Your instructions: With pictures excluded, repeat exactly the lines from the one containing "Green tie-dye Mickey Mouse sweatshirt" through the last line of the material below.

Recorded data:
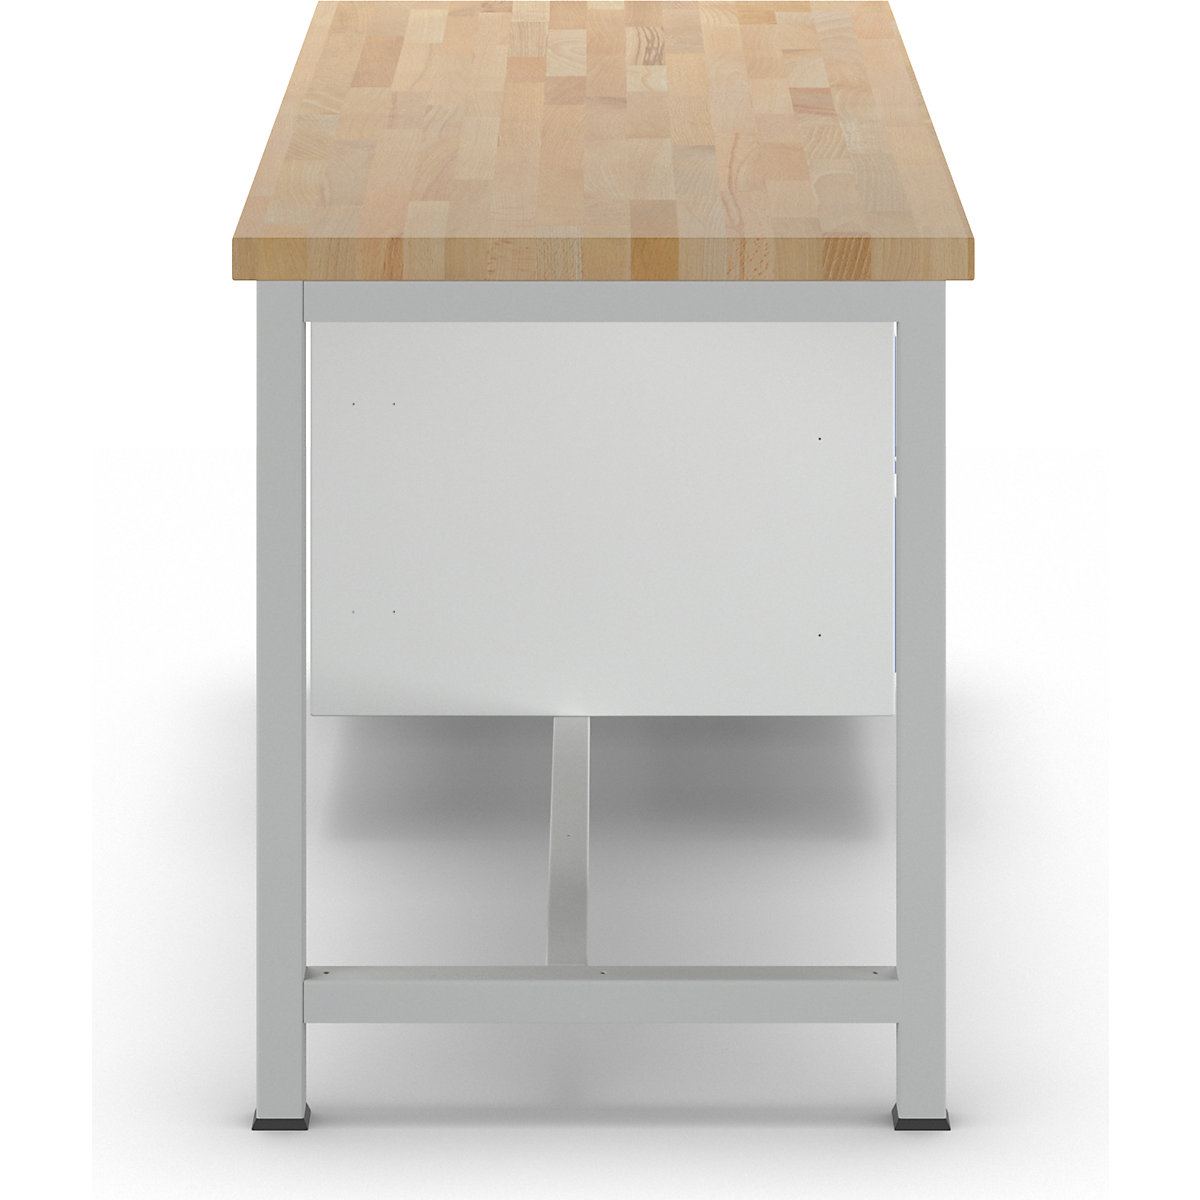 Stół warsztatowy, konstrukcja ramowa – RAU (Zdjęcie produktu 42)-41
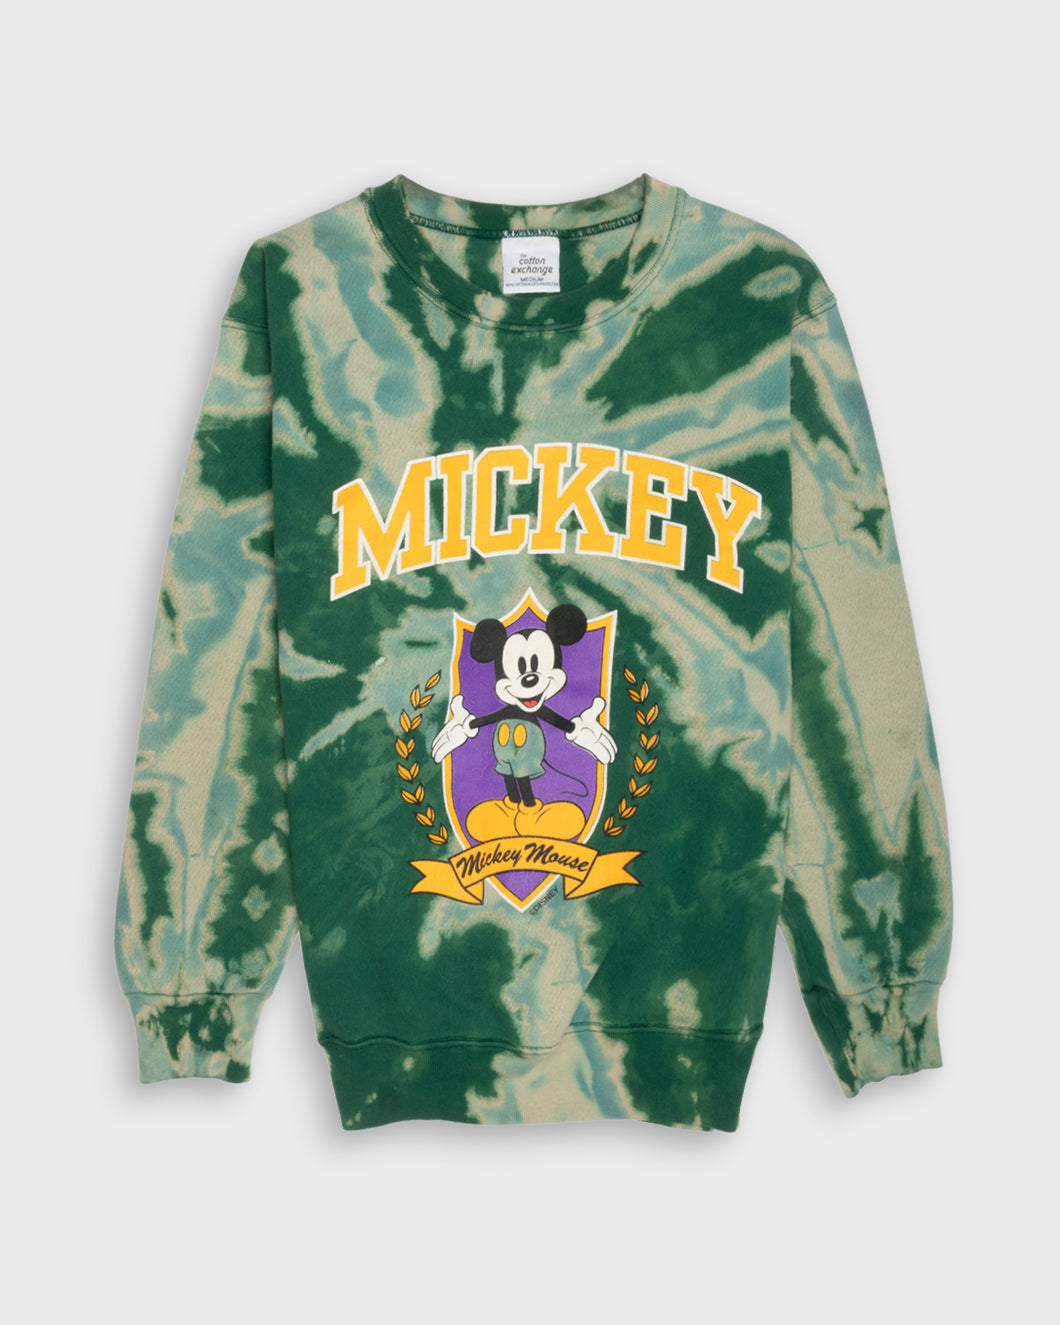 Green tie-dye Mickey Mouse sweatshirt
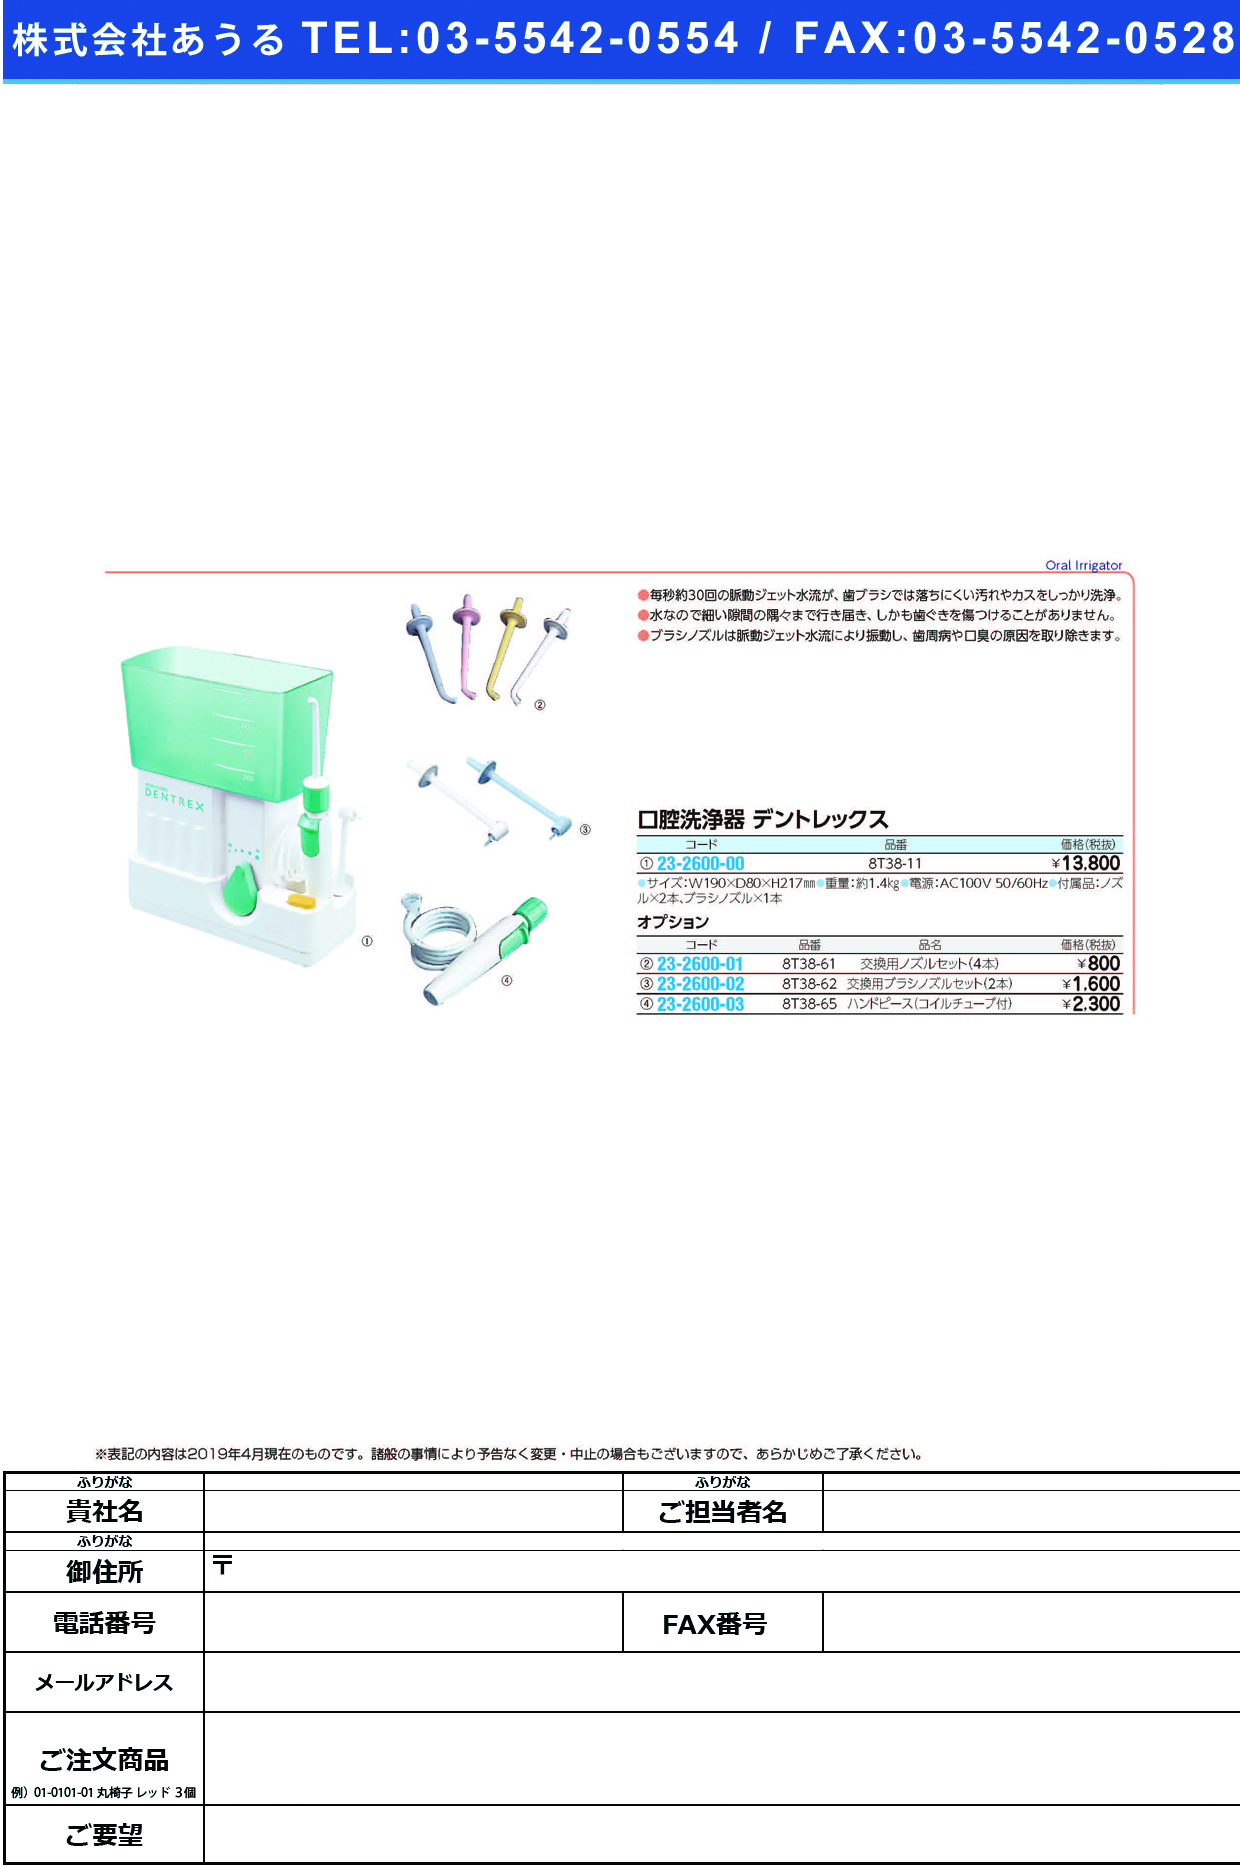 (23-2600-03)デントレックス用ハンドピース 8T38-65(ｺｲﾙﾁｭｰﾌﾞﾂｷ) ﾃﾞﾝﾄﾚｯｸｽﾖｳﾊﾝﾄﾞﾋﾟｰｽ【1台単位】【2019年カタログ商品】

Response for this exercise:
 Green tie-dye Mickey Mouse sweatshirt
 (23-2600-03)デントレックス用ハンドピース 8T38-65(ｺｲﾙﾁｭｰﾌﾞﾂｷ) ﾃﾞﾝﾄﾚｯｸｽﾖｳﾊﾝﾄﾞﾋﾟｰｽ【1台単位】【2019年カタログ商品】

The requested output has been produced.